Information:
=====
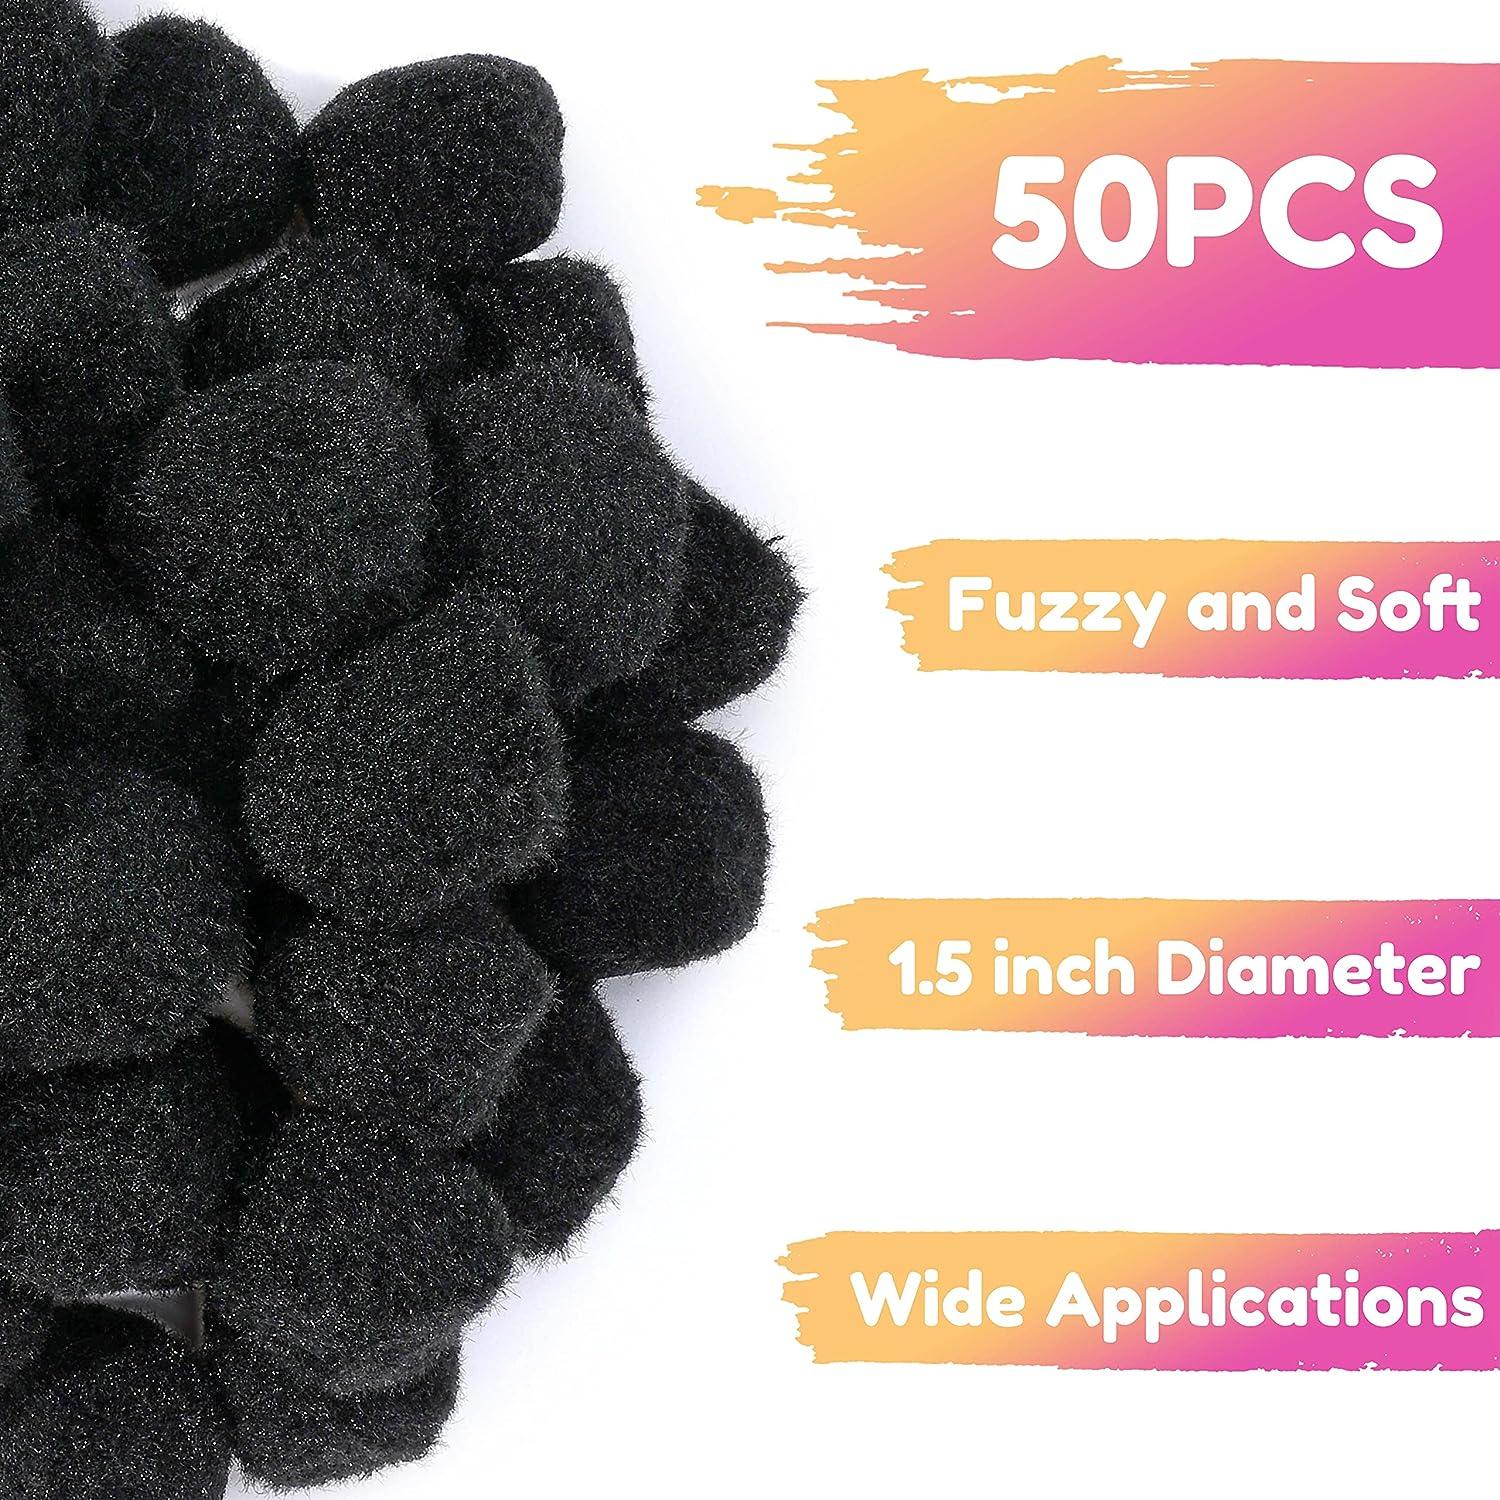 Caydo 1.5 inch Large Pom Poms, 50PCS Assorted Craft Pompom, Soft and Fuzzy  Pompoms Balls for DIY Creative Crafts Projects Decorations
=====
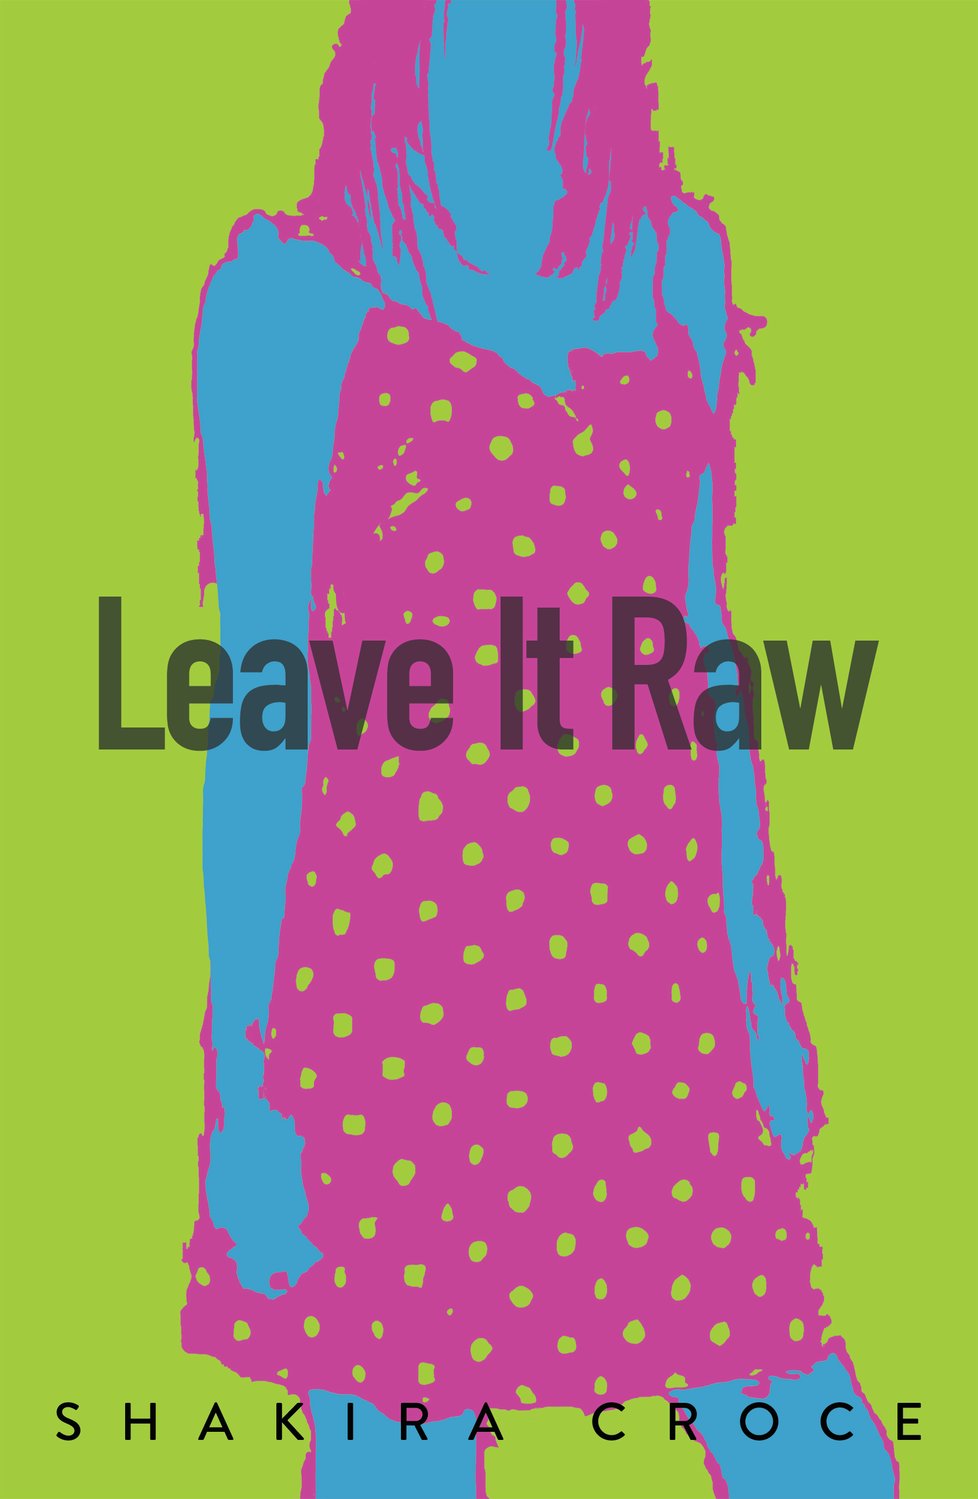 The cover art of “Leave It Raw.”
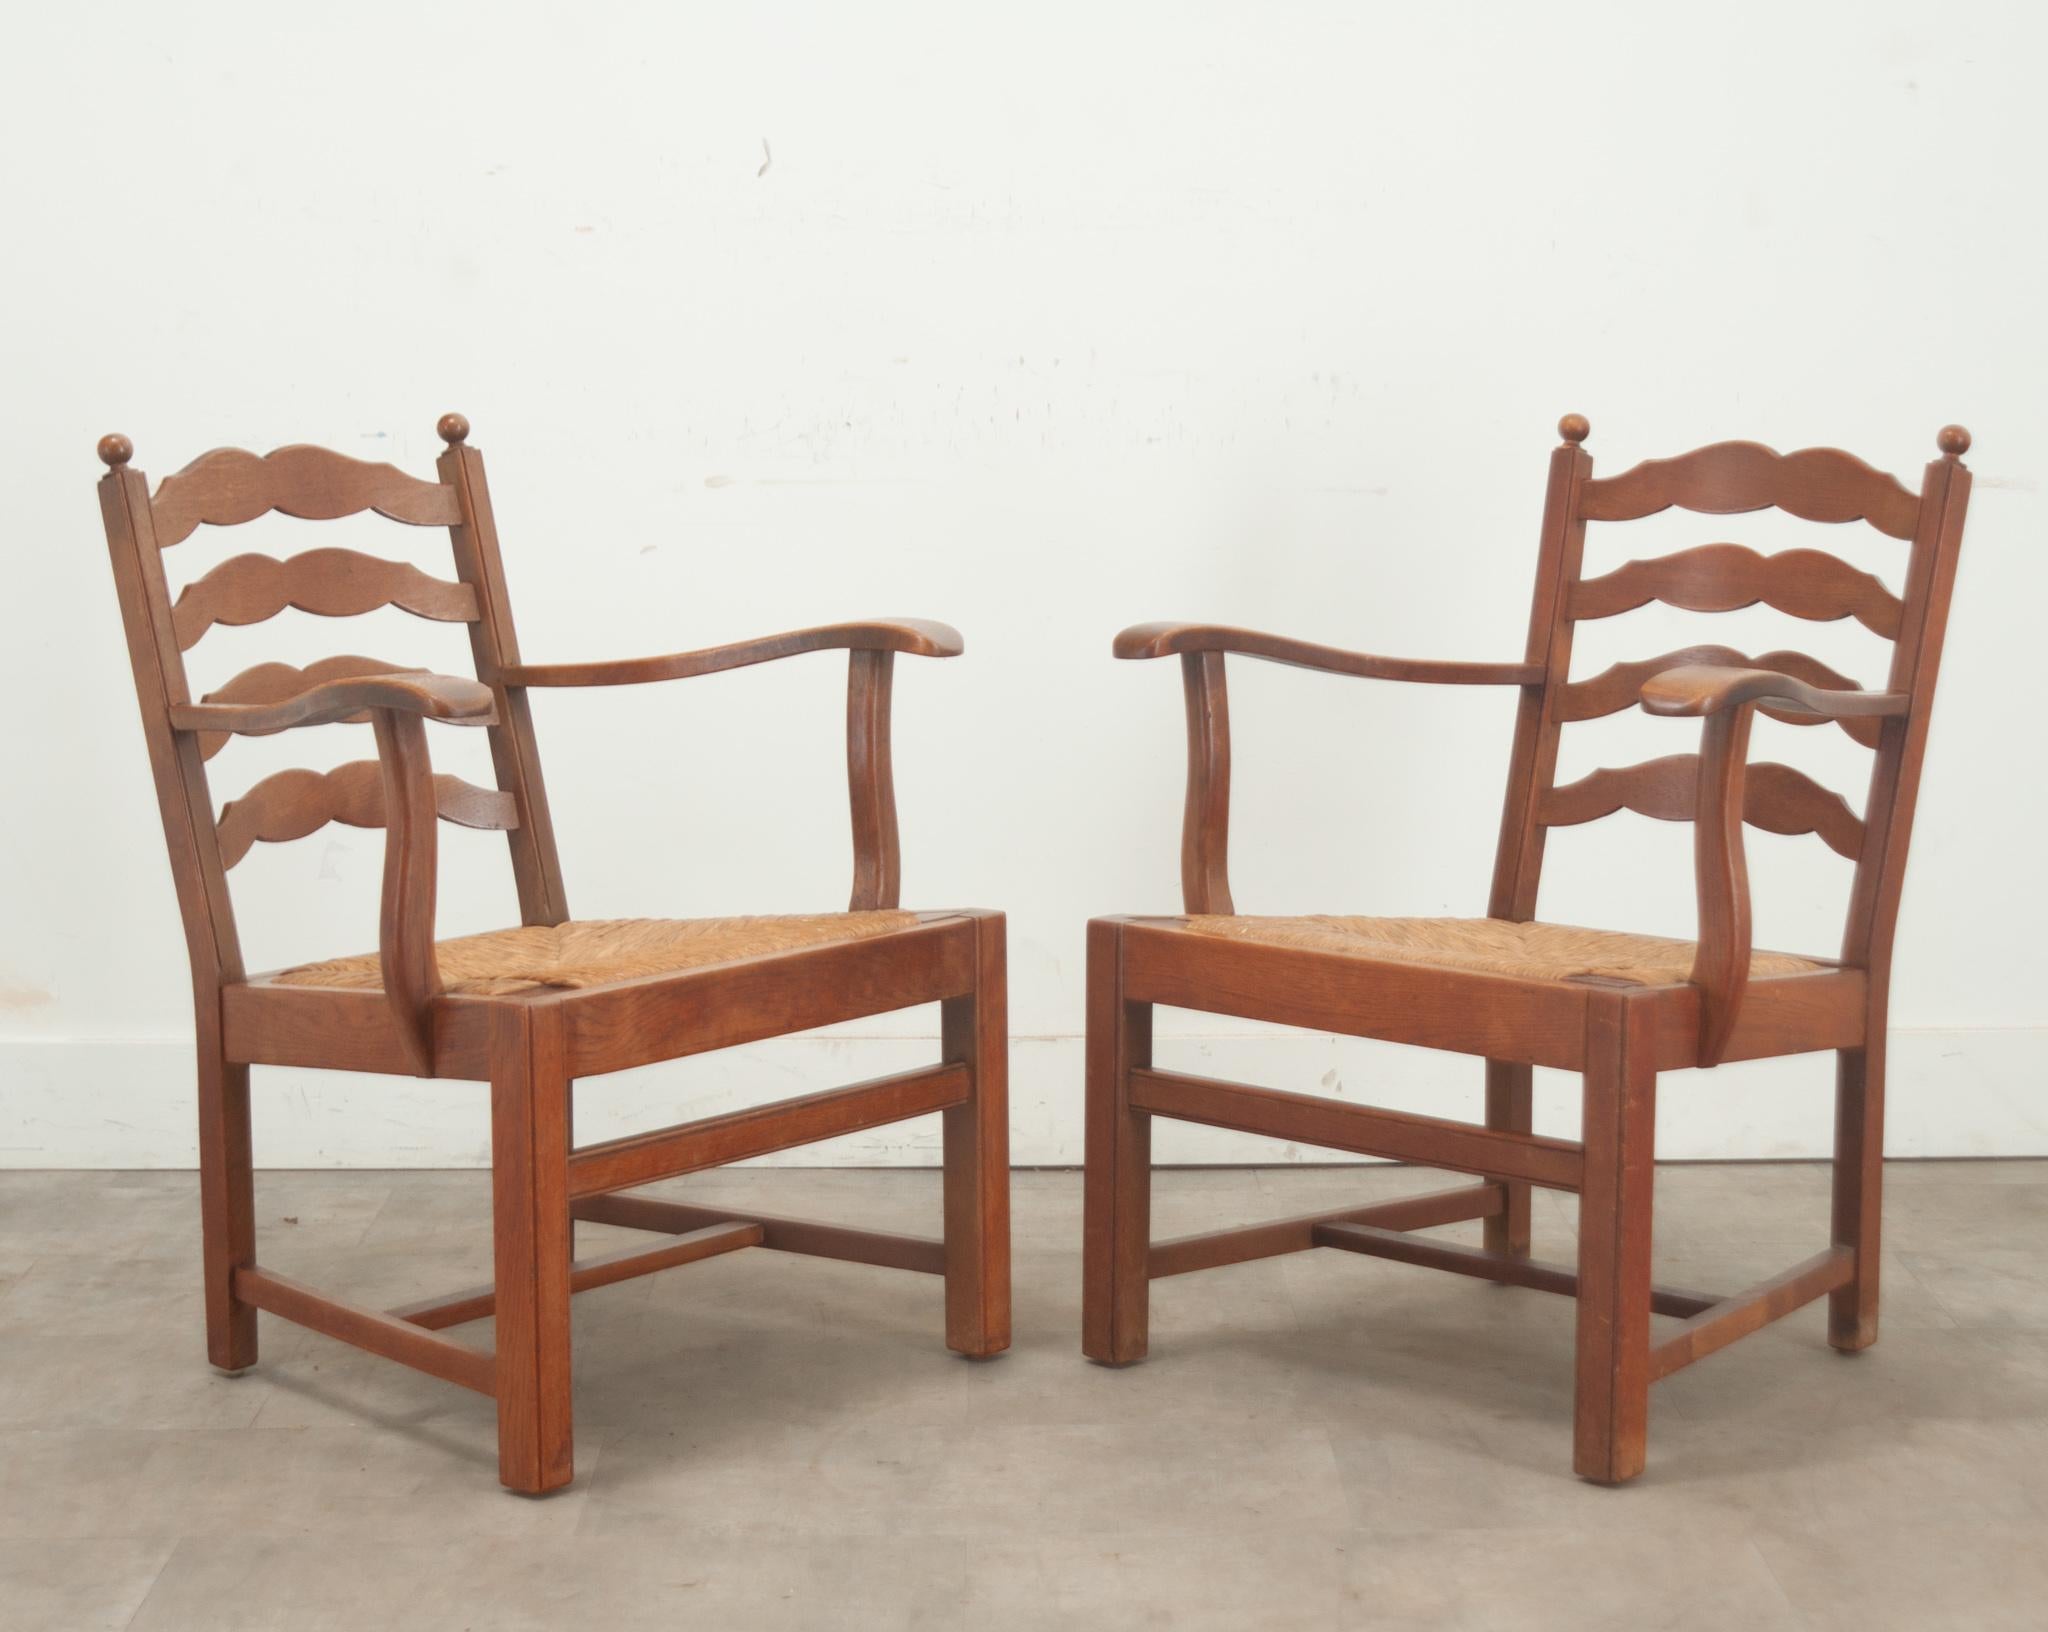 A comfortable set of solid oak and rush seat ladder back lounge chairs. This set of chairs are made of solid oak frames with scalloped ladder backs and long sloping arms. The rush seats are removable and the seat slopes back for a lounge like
=====
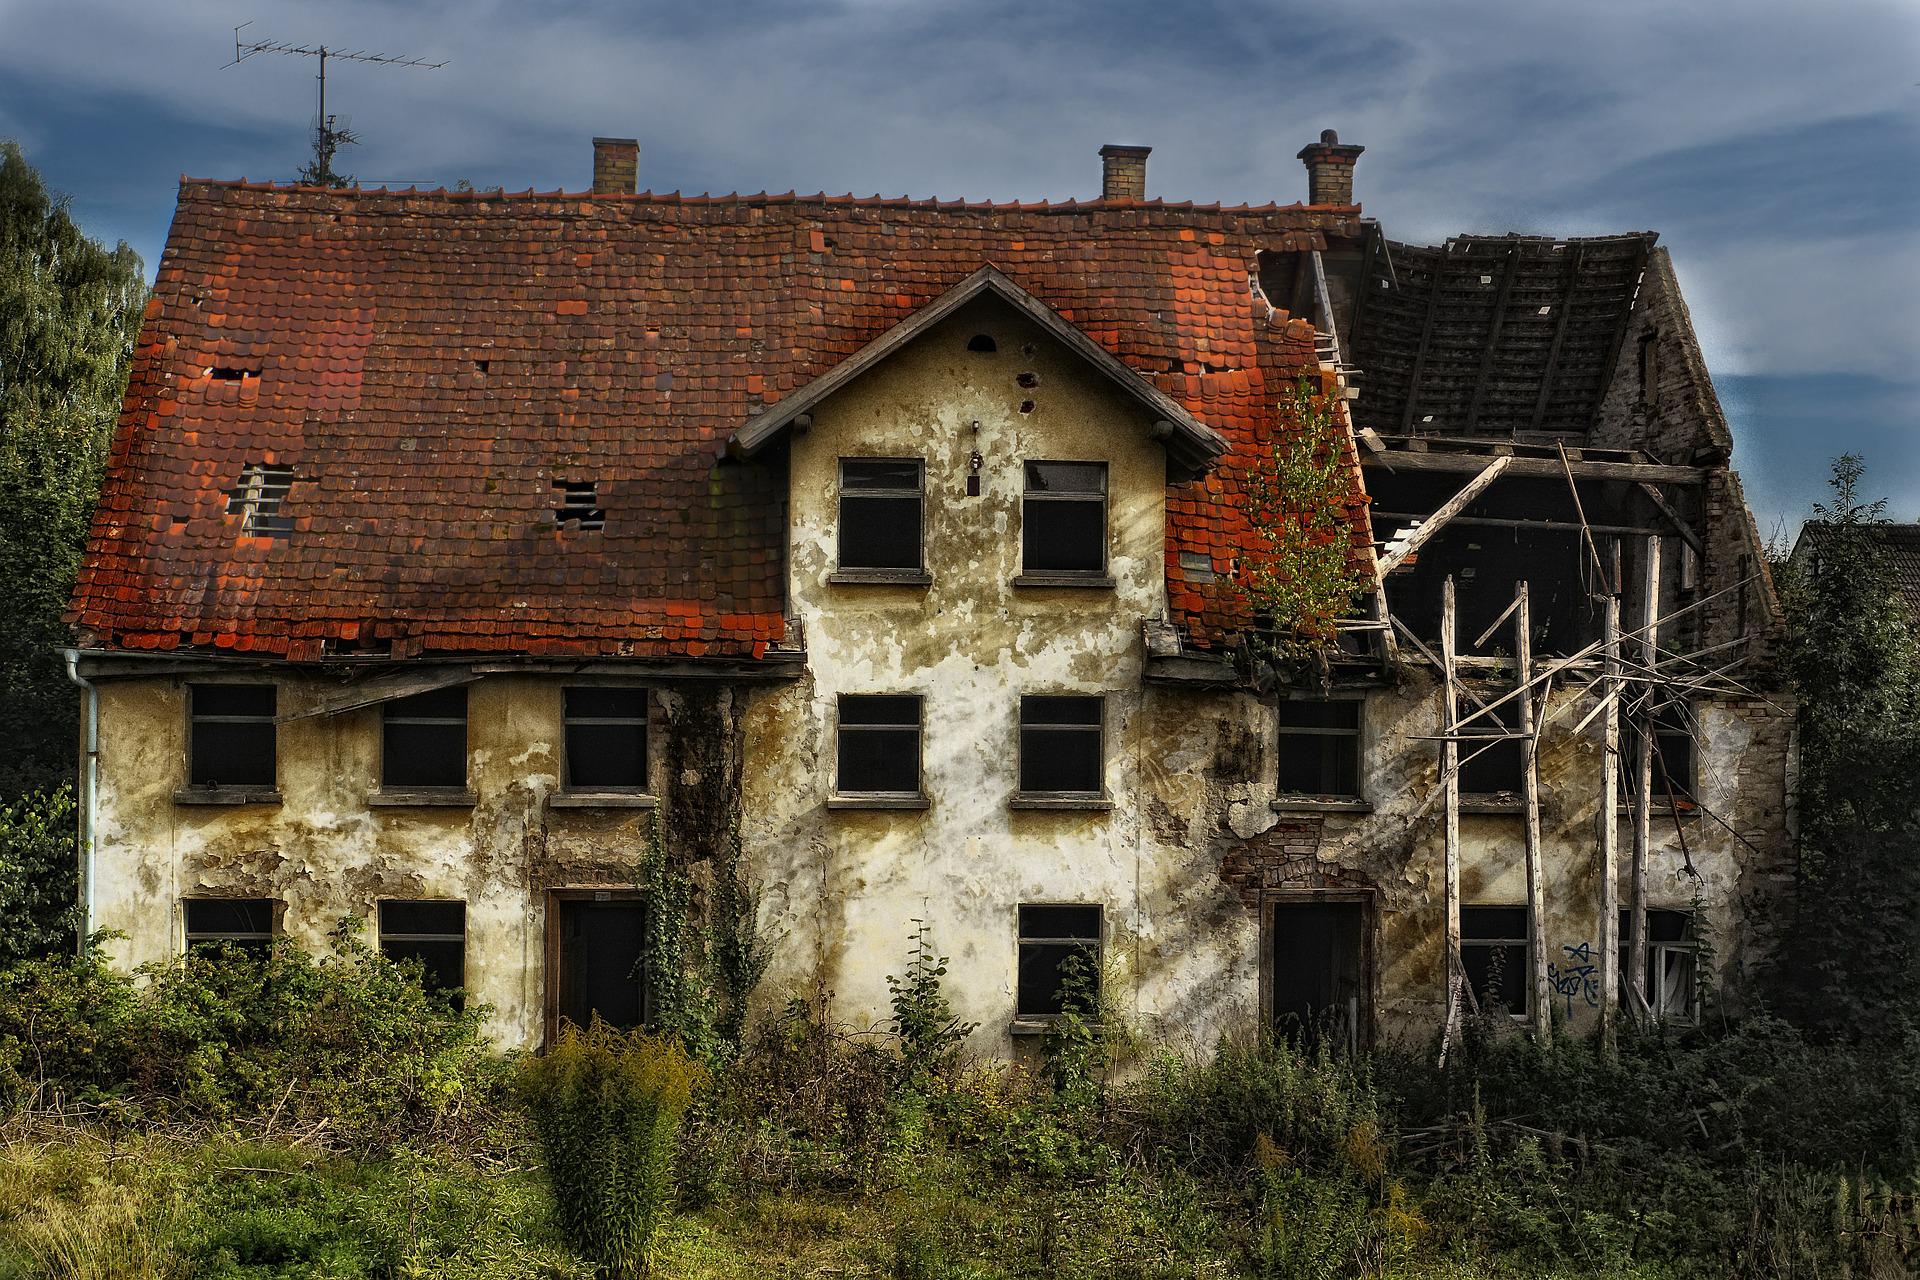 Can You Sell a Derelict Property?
=====
Task to complete: Reproduce the data above exactly, but only the lines from the one showing "The cover art" through the one showing "A comfortable set", with both ends kept and the pictures left out.

Response to the task:
 The cover art of “Leave It Raw.”
 A comfortable set of solid oak and rush seat ladder back lounge chairs. This set of chairs are made of solid oak frames with scalloped ladder backs and long sloping arms. The rush seats are removable and the seat slopes back for a lounge like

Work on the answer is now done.